The lookout on the fo'c'sle shouted: 'Quarterdeck there - boat approaching, sir: a hundred yards on the starboard bow.'
Aitken acknowledged the hail and looked round for Renwick. A glance over the quarterdeck rail showed a Marine sergeant already marching a couple of Marines to take up their posts at the entryports on the starboard and larboard sides once the Calypso was at anchor. The sentry's task was to hail any approaching boat and, from the reply, find out who was in it.
The Marine sergeant, Ferris, had heard the fo'c'sle lookout's hail and marched the two Marines to the starboard side first: officers boarded on the starboard side, and the visitors were almost certainly officers. He halted the two men, detached one amid a volley of orders and a cloud of pipeclay, and then marched the second Marine over to the larboard side.
Aitken looked at the boat with the telescope in the few remaining moments before it was hidden by the frigate's bow. After his inspection he looked grim, shut the telescope and put it away in the binnacle box drawer. He walked over to Ramage. 'I'll meet our visitors, sir; I don't think you'll need to see them.'
Ramage nodded, because no one in the Navy had much time for privateers; in fact he assumed these privateersmen had been cruising well down in the South Atlantic and had only just learned of the new Treaty that put them out of business. Their licence, or letter of marque, to give it the proper name, gave them permission to wage war on the King's enemies (the Republic's enemies if French, of course) providing there was a war on. A hostile act against any ship in peacetime was piracy, and the penalty for piracy was hanging.
As he walked down the ladder from the quarterdeck towards the entryport, Aitken heard the sentry's challenge, and, from beyond the ship, a reply that sounded like a single word, the name of a ship. So the captain of the privateer - the former privateer, he corrected himself - was paying a visit. Probably, he realized, to get news of the Treaty: they would have heard only gossip and hearsay from the merchant ships, and were now seizing the opportunity of having it - officially, as far as they were concerned - from one of the King's ships. After all, hearing that a profitable way of life was now illegal - well, even privateersmen could not be blamed for wanting to have the news confirmed by a reliable source.
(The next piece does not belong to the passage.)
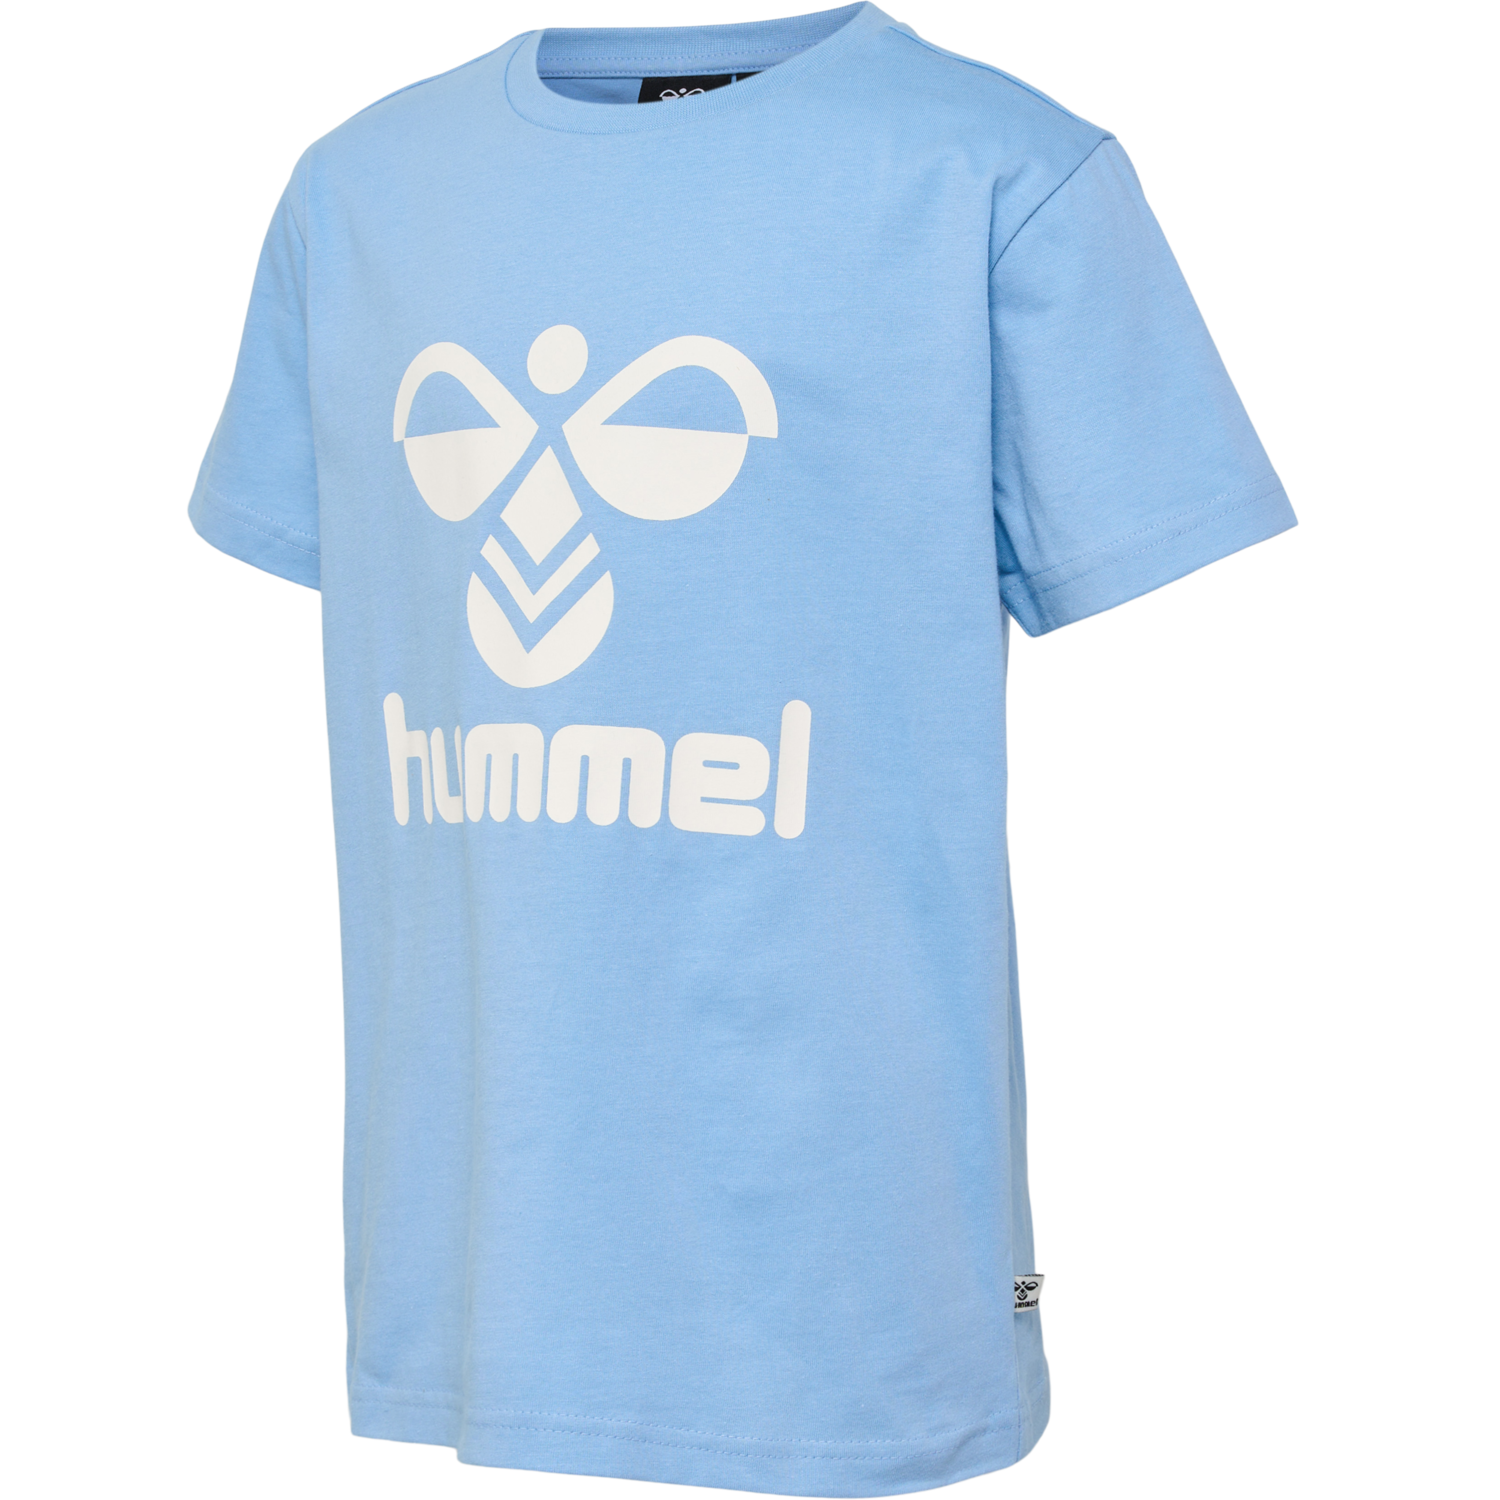 Hummel Hmltres T-Shirt S/S, t-skjorte, barn - AYA SPORT AS |

'Sir,' the sentry said, obviously puzzled, 'the boat's alongside and they've got a white flag flying - lashed to a boarding pike. They've only just lashed it this moment because I saw a fellow sitting there with a pole, and there weren't no flag...'
Aitken went to the port and looked down at the boat. The bowman had hooked on; a man at the stern was waiting for one of the Calypso's seamen to throw down a sternfast while the bowman waited for a painter.
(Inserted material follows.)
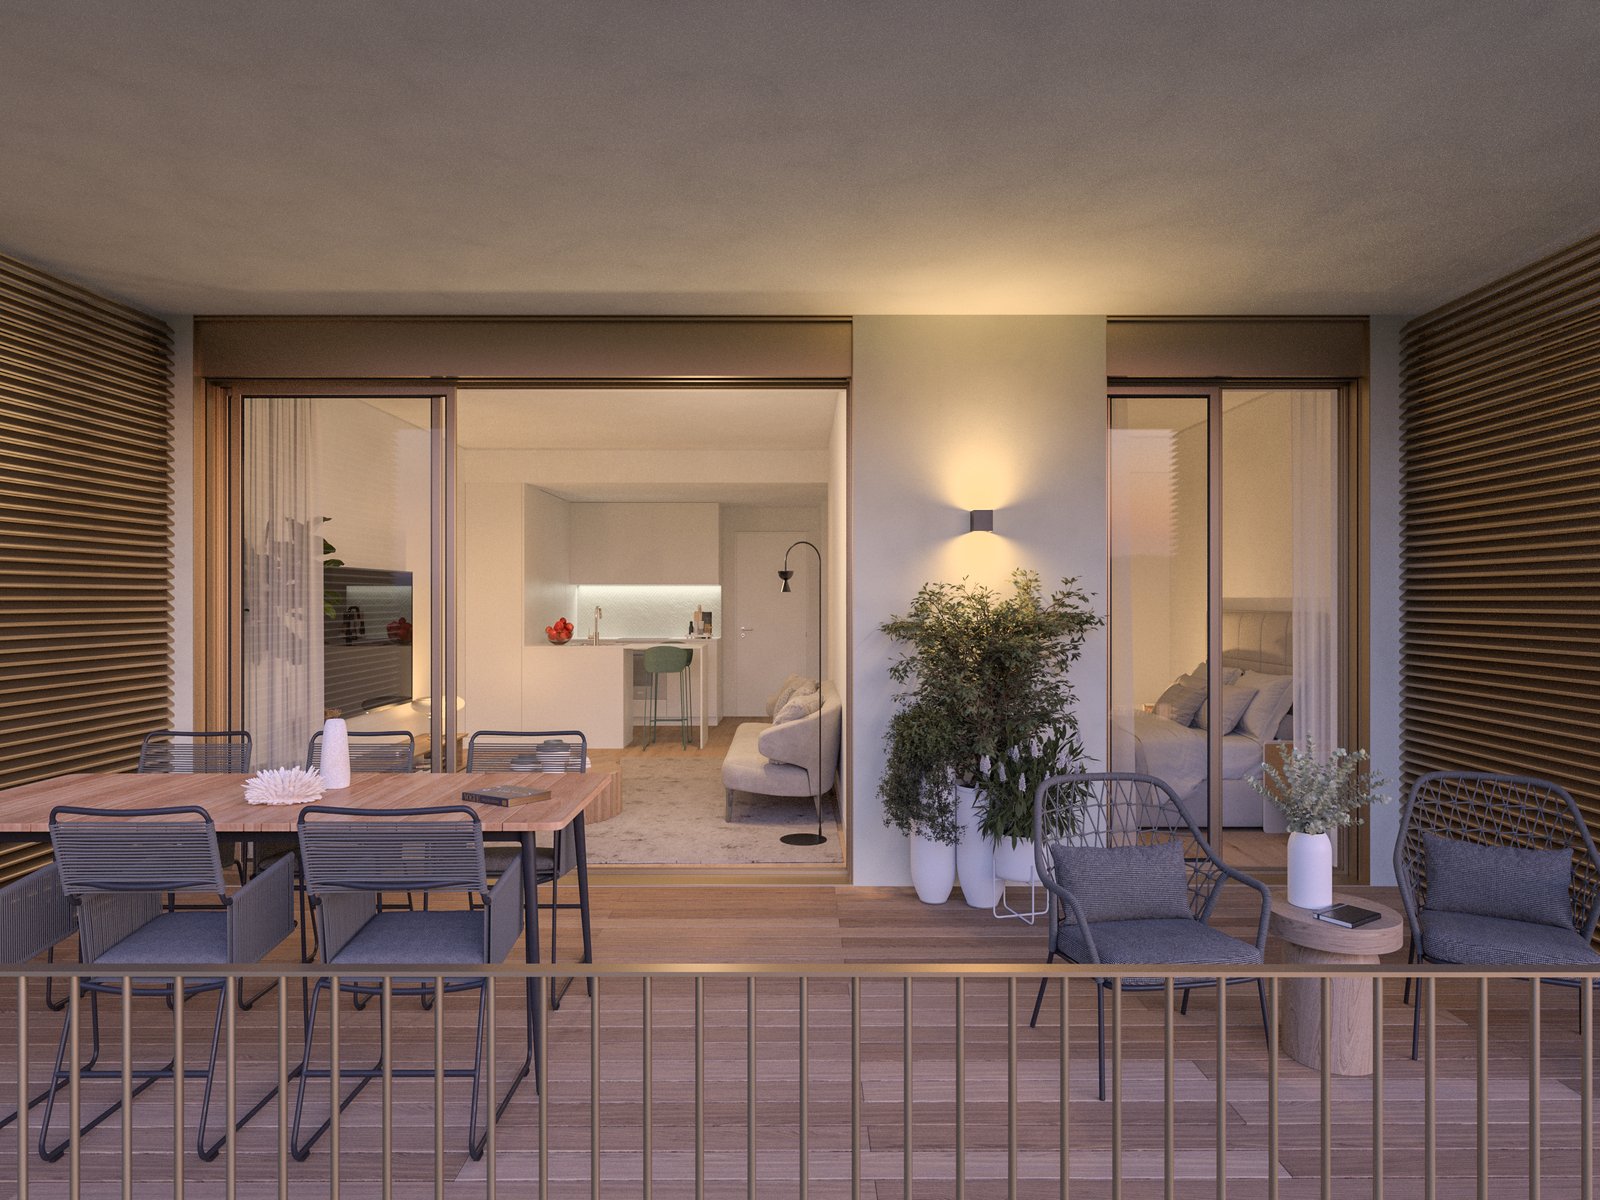 2 bedroom apartment with balcony in new development in Miraflores 2052961900

In the meantime the four men sat in the sternsheets, one of them, a big Negro, holding between his knees the boarding pike with a square of grubby white cloth secured to it.
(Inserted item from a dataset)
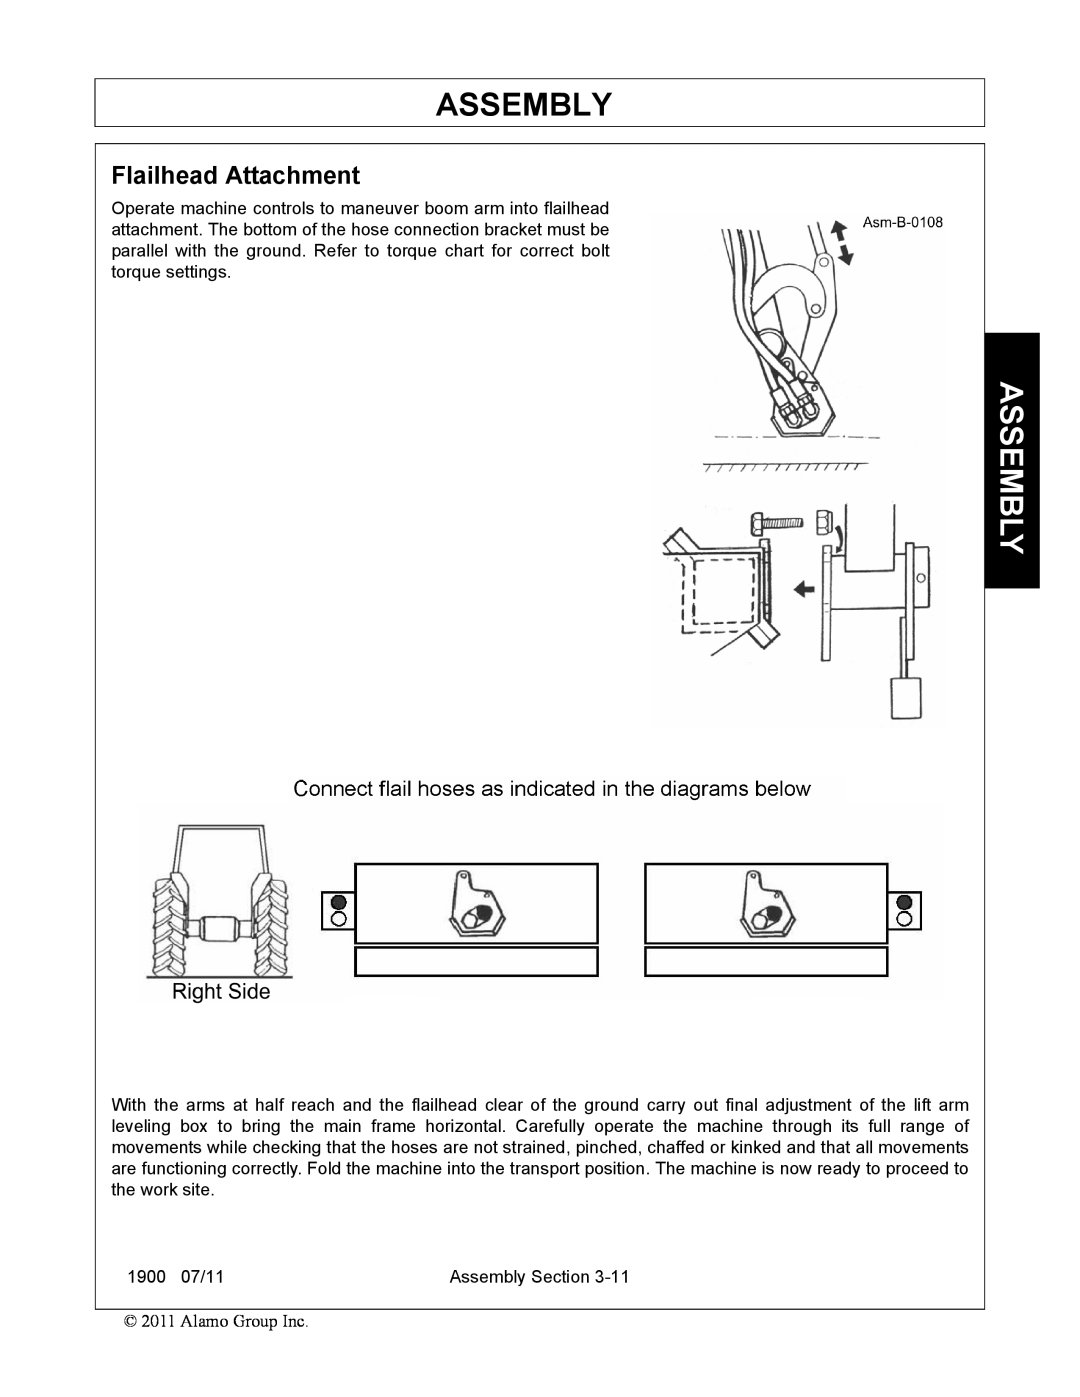 Alamo 1900 manual Flailhead Attachment, Assembly

Aitken noticed that the four men had pistols in their belts,and there were cutlasses in the bottom of the boat, but that was reasonable enough: the Calypso herself had flown false colours in the late war to get herself into a position to attack the enemy - after hoisting her true colours. And privateersmen, he had to admit, would be among the most cautious and distrustful men afloat.
Nevertheless, Aitken wanted an explanation of the flag of truce before anyone stepped on board.
'Why are you waving that truce flag?' he demanded.
'Not waving it,' one of the men answered. 'Holdin' it still.'
'Answer my question.'
'S'bluddy obvious. We want to come on board under a flag of truce.'
'A truce for what? The war's over.'
'Oh - it's true what they tell us, then?'
'I don't know who's been telling you what,' Aitken said, his tone more friendly, 'but Bonaparte signed a treaty of peace with Britain on the first day of last October.'
'That's good news. Can we come on board, then?'
'Of course. What's your ship?'
'The Lynx of Bristol, letter of marque.'
'Former letter of marque,' Aitken said.